Ya en el año 2011 parecía que el Gobierno keniano no deseaba añadir nada más allá de Garissa. Era y sigue siendo el fin de un discurso y de las intenciones de una nación. También la naturaleza hace una pausa dramática aquí: al noreste se extiende el desierto, una llanura ardiente que no cede ni un palmo hasta las profundas entrañas de Somalia. Hasta que otro río, el Juba, le corta el paso.

Sin embargo, esos cien kilómetros de pistas estériles y baldías han sido la senda más transitada por millares de desplazados en los últimos 20 años. Un lugar marcado en el mapa con una equis, la intersección entre el Ecuador y la frontera. Fue el lugar en el que en 1991, el Gobierno de Kenia se vio obligado a añadir un apéndice en su mapa: un enorme cobijo, sin precedentes, para aliviar a unas 90.000 personas que huían de la guerra civil en Somalia. Aunque el último censo oficial, de marzo de 2015, indica que hay unas 350.000 personas, la población estimada ronda el medio millón. Si las lonas y chabolas donde se alojan los apátridas somalís tuviesen categoría de ciudad en Kenia, sería la tercera más poblada del país.

Dadaab ha ido creciendo a trompicones, siempre ante la negativa inicial del Ejecutivo keniano que ha ido consintiendo sus ampliaciones posteriormente. Si bien IFO e IFO 2, los primeros campos que abrieron en 1991, se asemejan algo a una aldea —casetas con tejados y senderos que imitan a calles, algunas tiendas, colmados, pistas de juegos y fútbol, cibercafés, escuelas, etc.—, el resto de campos, Hagadera y Dagahaley, son campamentos de refugiados de rigor: lonas y carpas.

Pero aún más allá de estos últimos, en las afueras, en los suburbios se extienden unos asentamientos inmensos que parecen recreaciones de poblados del neolítico, aún más precarios.

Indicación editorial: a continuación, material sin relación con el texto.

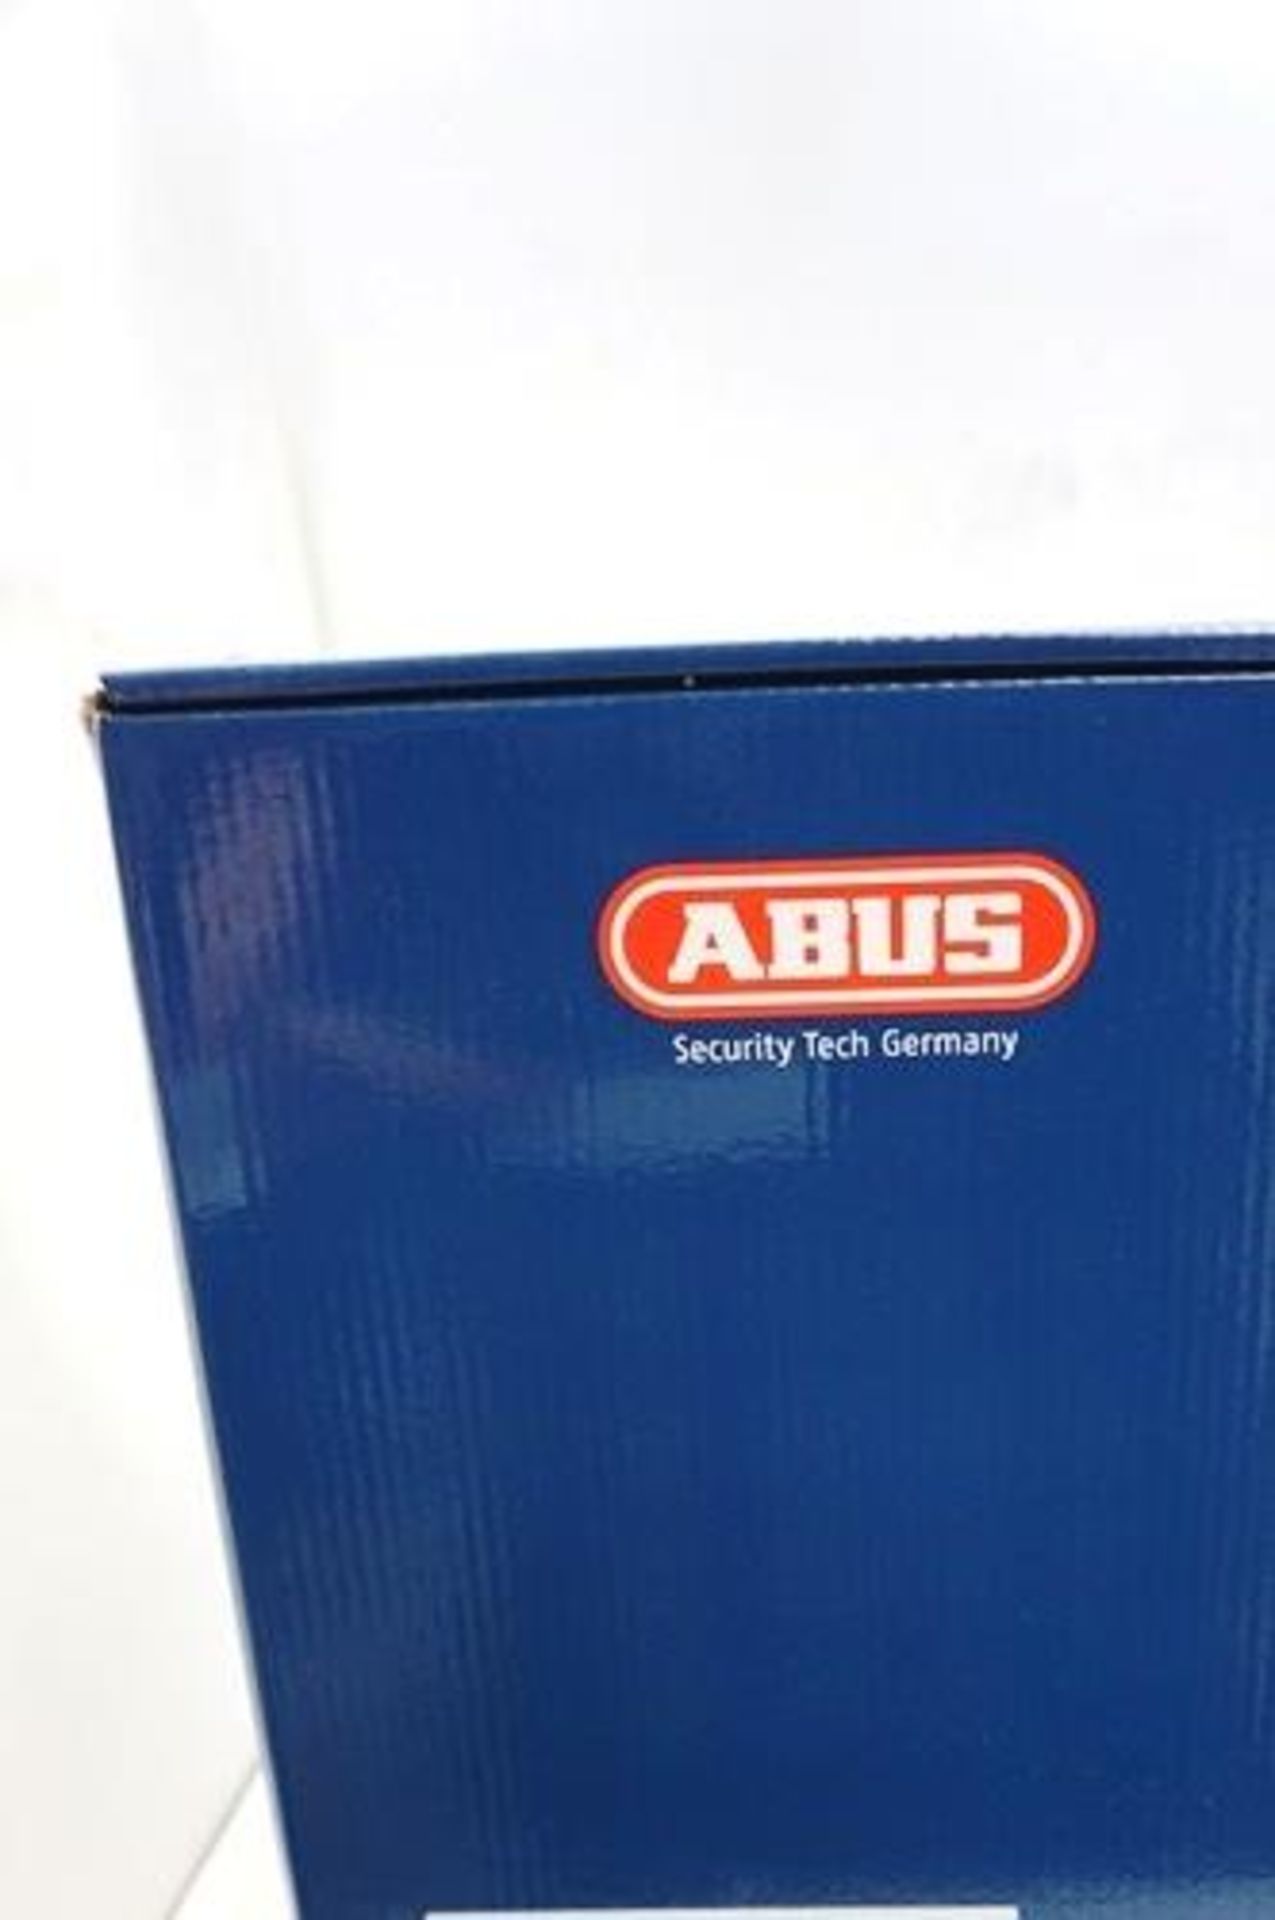 Abus Secvest touch wireless alarm system, model FUAA50500, control panel only - Sealed new in box ( - Image 2 of 2

Humildísimas chabolas parcheadas por plásticos, ramas, basuras y telas formando caparazones ahuevados, muy similares a las viviendas ari de las tribus de la etnia afar. Apenas un abrigo 

Una emergencia constante

El último campo en abrirse fue el de Kambioos, situado en un radio de cinco kilómetros cuadrados colonizado por aquellas familias que llegaron durante el último gran éxodo somalí: la hambruna de 2011.

La falta de recursos como el agua, cada vez más escasa tras dos décadas de asentamientos irregulares en la una zona desértica hace necesario cada vez cavar más profundamente y con mayor tecnología.
La falta de recursos como el agua, cada vez más escasa tras dos décadas de asentamientos irregulares en la una zona desértica hace necesario cada vez cavar más profundamente y con mayor tecnología.Daniel Burgui

Durante aquel otoño de 2011, que se declaró la mayor emergencia humanitaria en el Cuerno de África en décadas, algunos estados de la Unión Europea exigieron a Kenia que no se retrasase en admitir a los refugiados somalíes y que ampliase los campos. El país se negaba a reconocer este asentamiento, pero en enero de 2013 dio su beneplácito y lo aceptó oficialmente, en un nuevo alarde de hospitalidad con sus vecinos.

Sólo en aquel mes de agosto, cuando se fundó de forma improvisada Kambioos, llegaron 40.000 somalíes. Kenia acogió en ese mes siete veces más que todos los refugiados que solicitan asilo en España en un año entero (5.900 personas en 2014), y casi 70 más que todos los refugiados y personas que reciben protección del Gobierno español: 581, según el último informe ejecutivo de la Comisión Española de Ayuda al Refugiado (CEAR). 30 días más tarde, en septiembre de 2011, Kenia aceptó a otros 40.000 más. Casi cifras similares de refugiados y migrantes detenidos en las fronteras griegas, unos 36.000.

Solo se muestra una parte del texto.